И он искоса поглядел на Дютока; тот сбивчиво, мешая правду с вымыслом, заговорил о Клапароне и о необходимости более энергично заняться делами Теодоза. Затем он вышел, назначив свидание Серизе.
– Вы вполне могли бы дождаться, пока я приду утром в канцелярию суда, – повторил Серизе, провожая Дютока к двери.
– Вот еще один, – пробормотал он, возвращаясь к столу. – Думается, он наводит тень на плетень и старается сбить меня с толку… Ну, что ж, если надо будет, я плюну на должность экспедитора… А, это вы, кумушка?! – воскликнул он. – Вы, как я вижу, тоже изобретаете, но только… Детей… Хоть это занятие и не новое, но весьма забавное!
Вряд ли стоит подробно останавливаться на встрече трех компаньонов, тем более, что все то, о чем они условились, было затем пересказано Теодозом мадемуазель Тюилье. Необходимо только заметить, что ловкость, выказанная ла Перадом, почти испугала Серизе и Дютока; банкир бедняков начал даже подумывать о том, не пора ли ему выйти из игры, ибо партнеры оказались слишком сильными игроками. Любой ценой оказаться в выигрыше, одержать верх над самыми ловкими, не останавливаясь даже перед плутовством, – вот честолюбивое стремление, присущее всем истинным друзьям зеленого сукна. Это замечание объяснит читателю, почему ла Перада ожидал вскоре ужасный удар.

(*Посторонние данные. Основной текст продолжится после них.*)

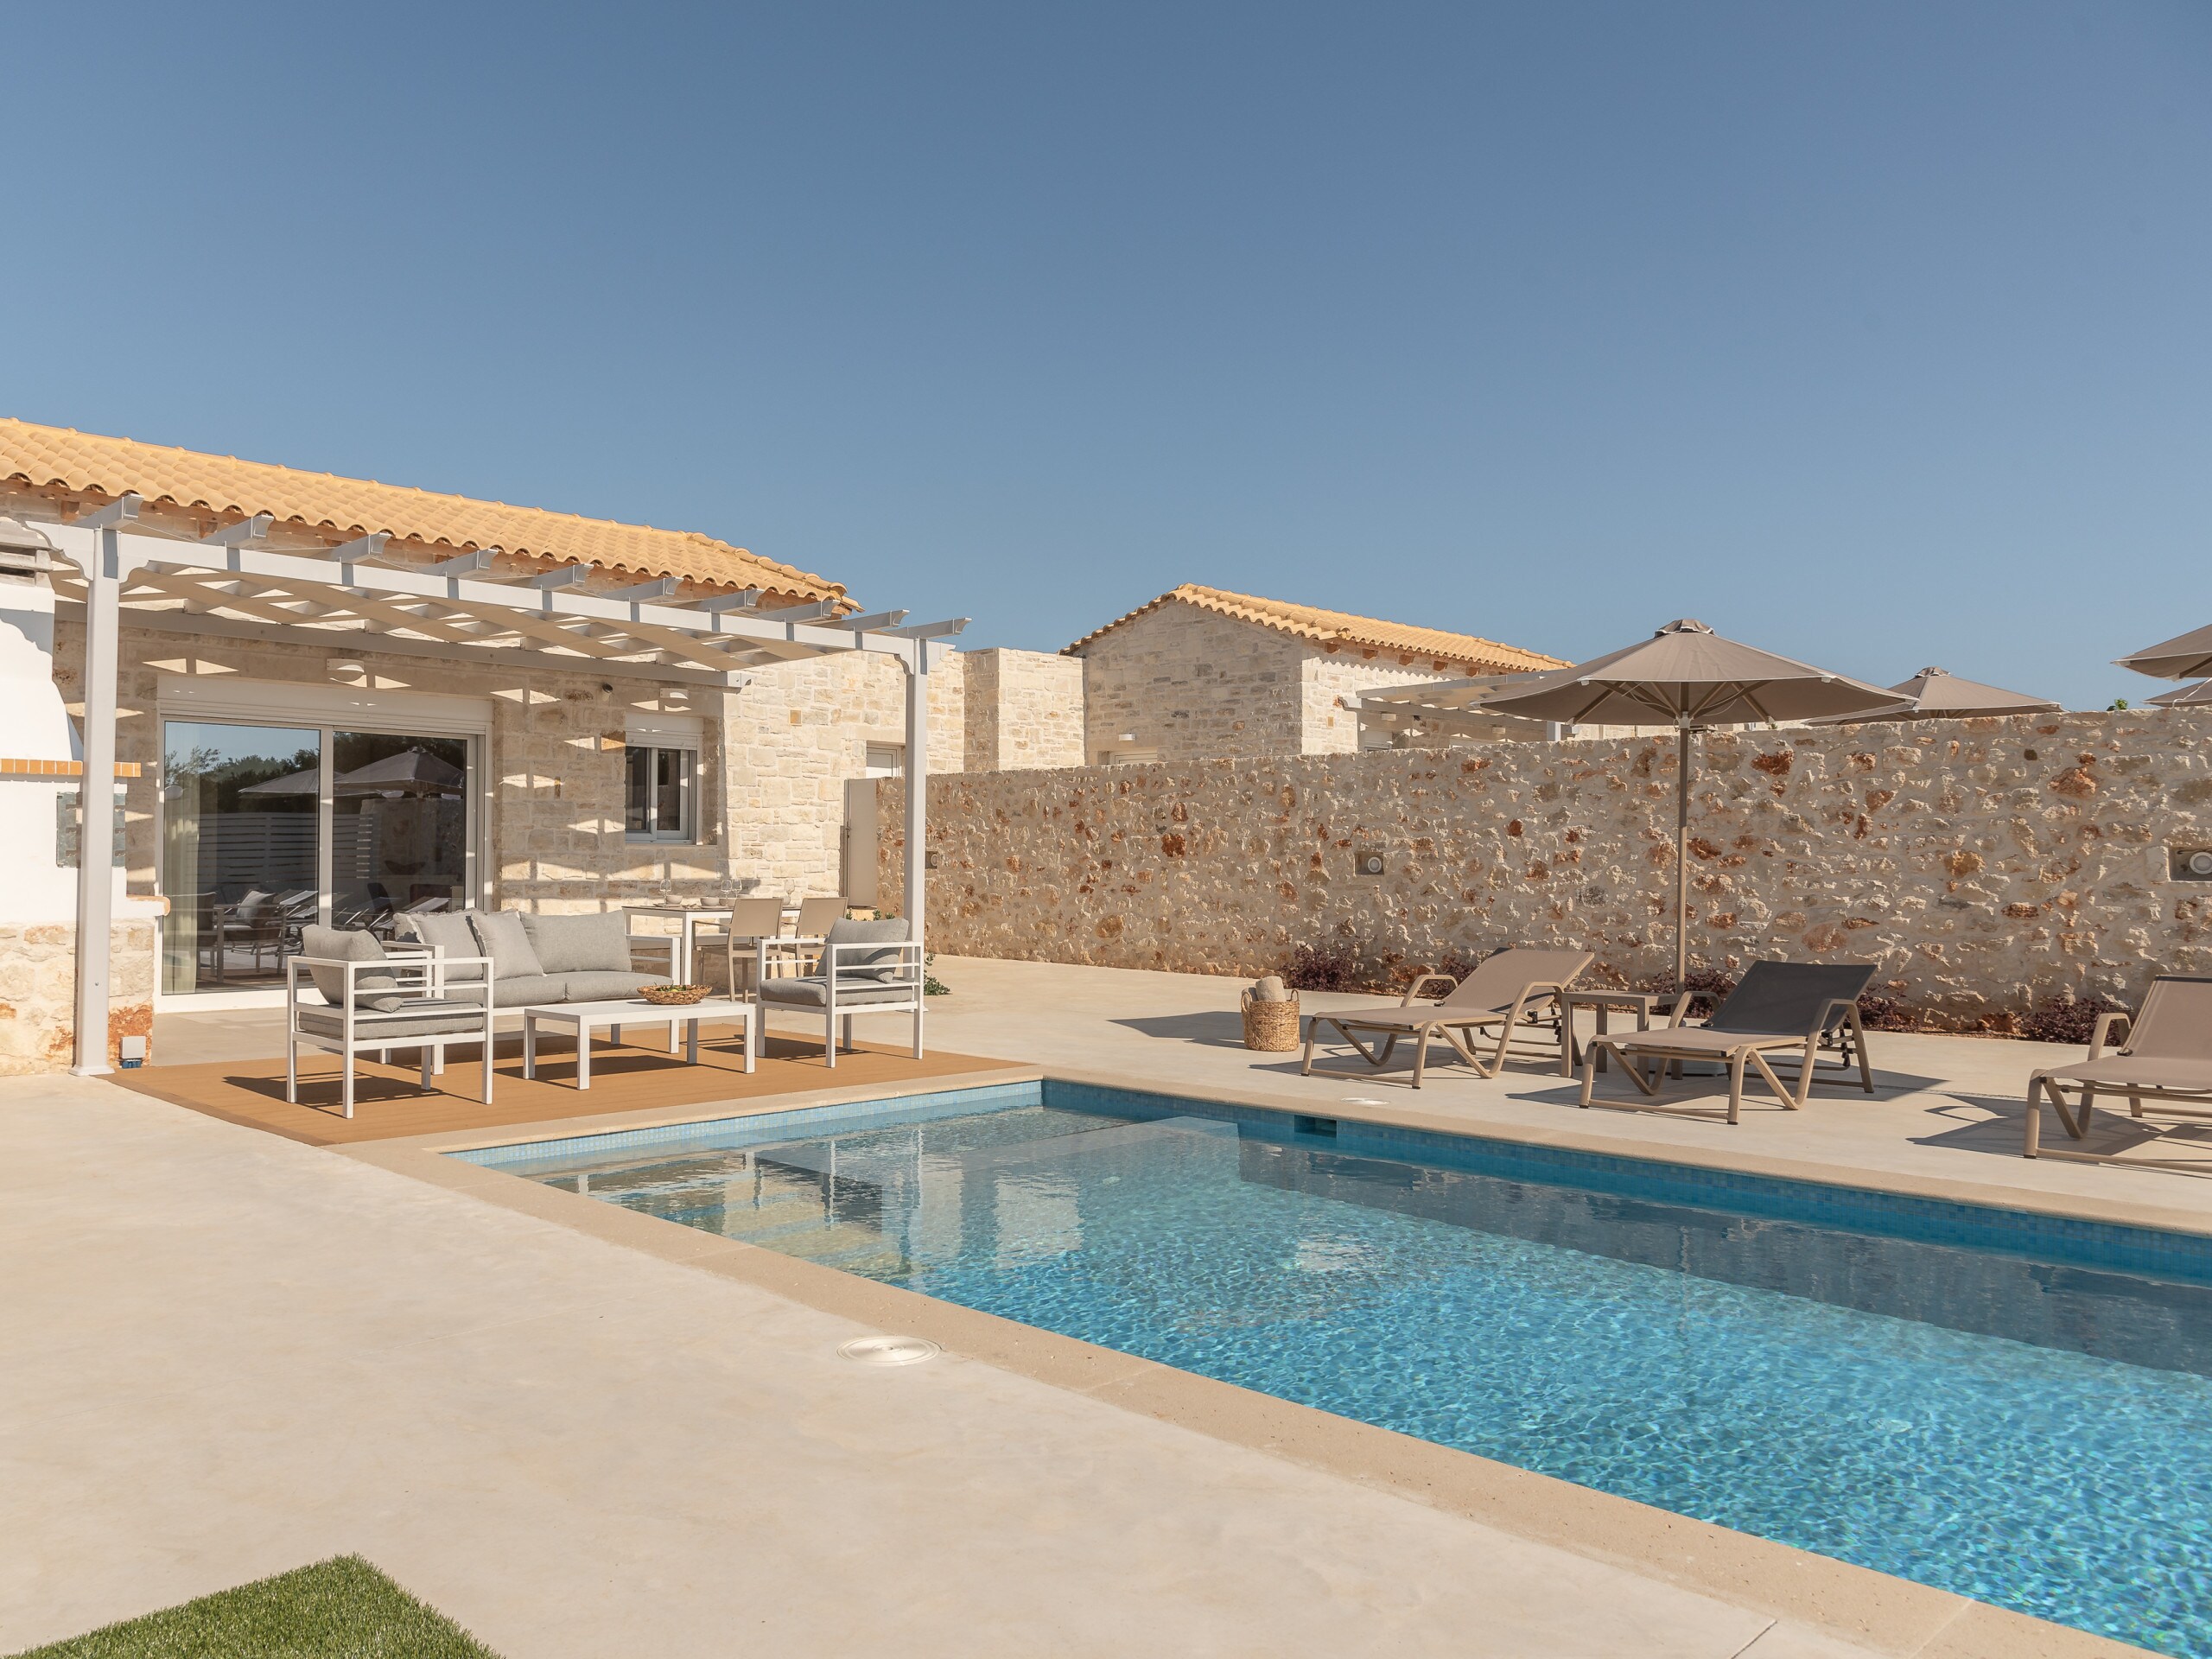 A Villa with a sensory driven design private pool

Впрочем, адвокат хорошо знал людей, с которыми ему приходилось иметь дело. И поэтому он играл в присутствии обоих своих сообщников роль, утомлявшую его едва ли не больше, чем постоянное напряжение всех душевных сил и ума, которого требовала от него многоликая натура и многообразная деятельность. Дюток был великим плутом, а Серизе некогда играл в комедиях, оба умели притворяться на славу. Бесстрастный лик в духе Талейрана не мог служить подходящей маской для провансальца, люди, в чьих когтях он находился, быстро бы его раскусили, и поэтому ему приходилось изображать добродушного, доверчивого, откровенного малого, а это – высшее искусство. Держать в заблуждении публику может любой хороший актер, но обмануть мадемуазель Марс, Фредерика Леметра, Потье, Тальмa, Монроза способен только выдающийся артист.

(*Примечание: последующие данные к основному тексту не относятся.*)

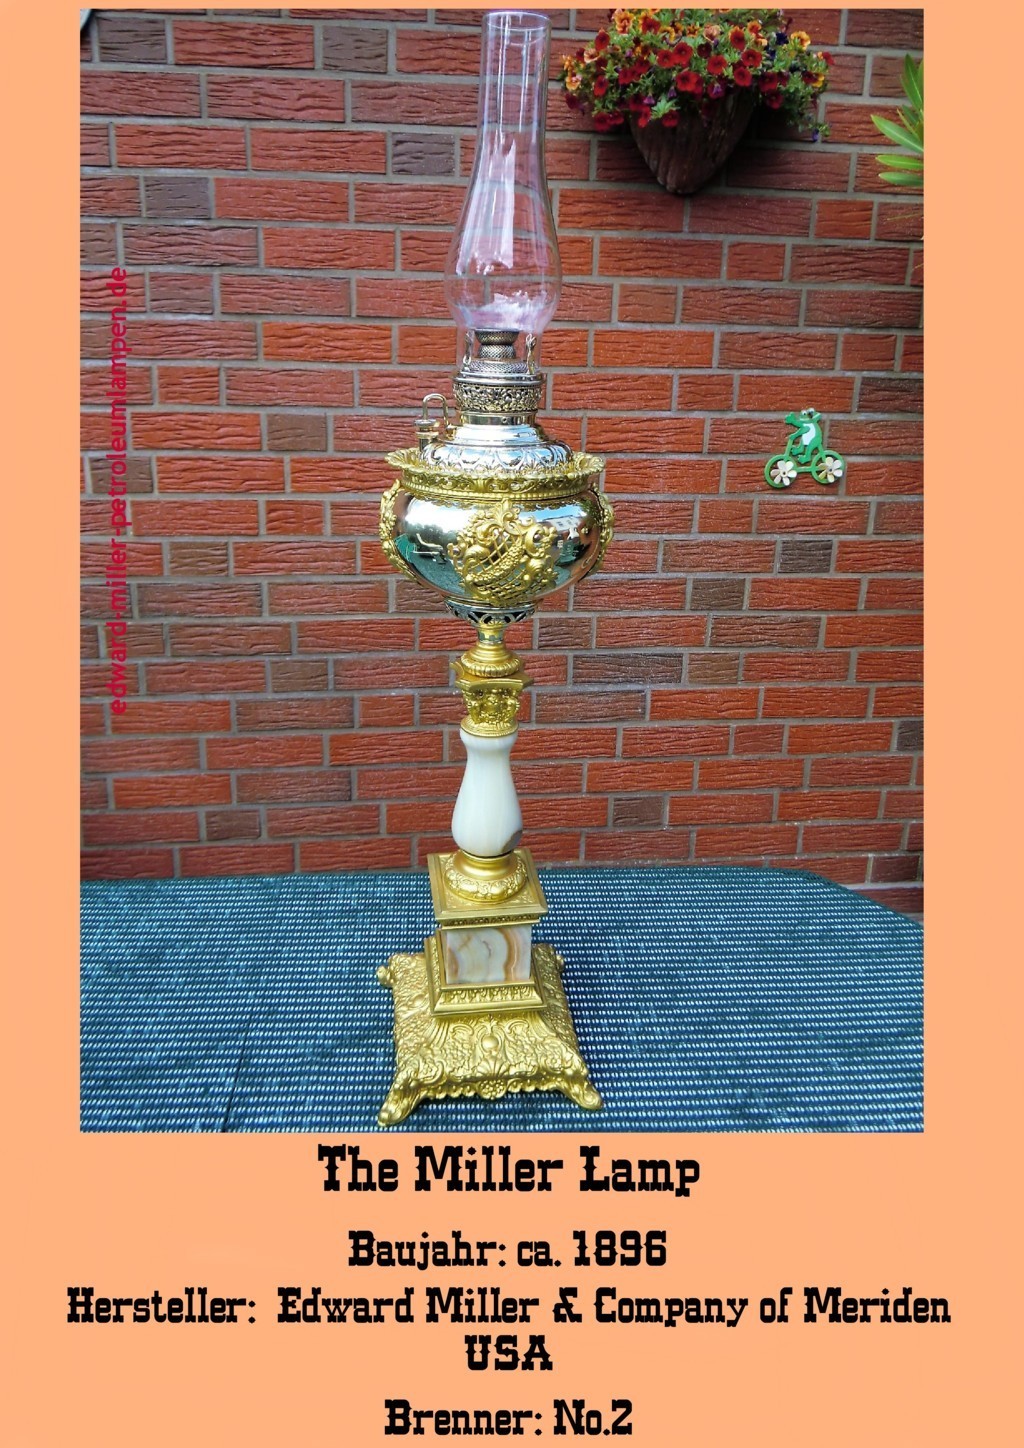 Edward Miller Kerosene Lamp

Вот почему после пресловутого совещания в ресторане ла Перада, столь же проницательного, как и Серизе, мучил тайный страх; игра подходила к концу, и страх этот временами леденил ему кровь, бросал то в жар, то в холод, Теодоз уподоблялся игроку, который, поставив последнюю ставку, лихорадочно следит взглядом за вертящимся шариком рулетки. В такие минуты чувства человека приобретают необычайную остроту, а ум работает с такой головокружительной быстротой, с какой работает ум ученого, расширяющего границы человеческого познания.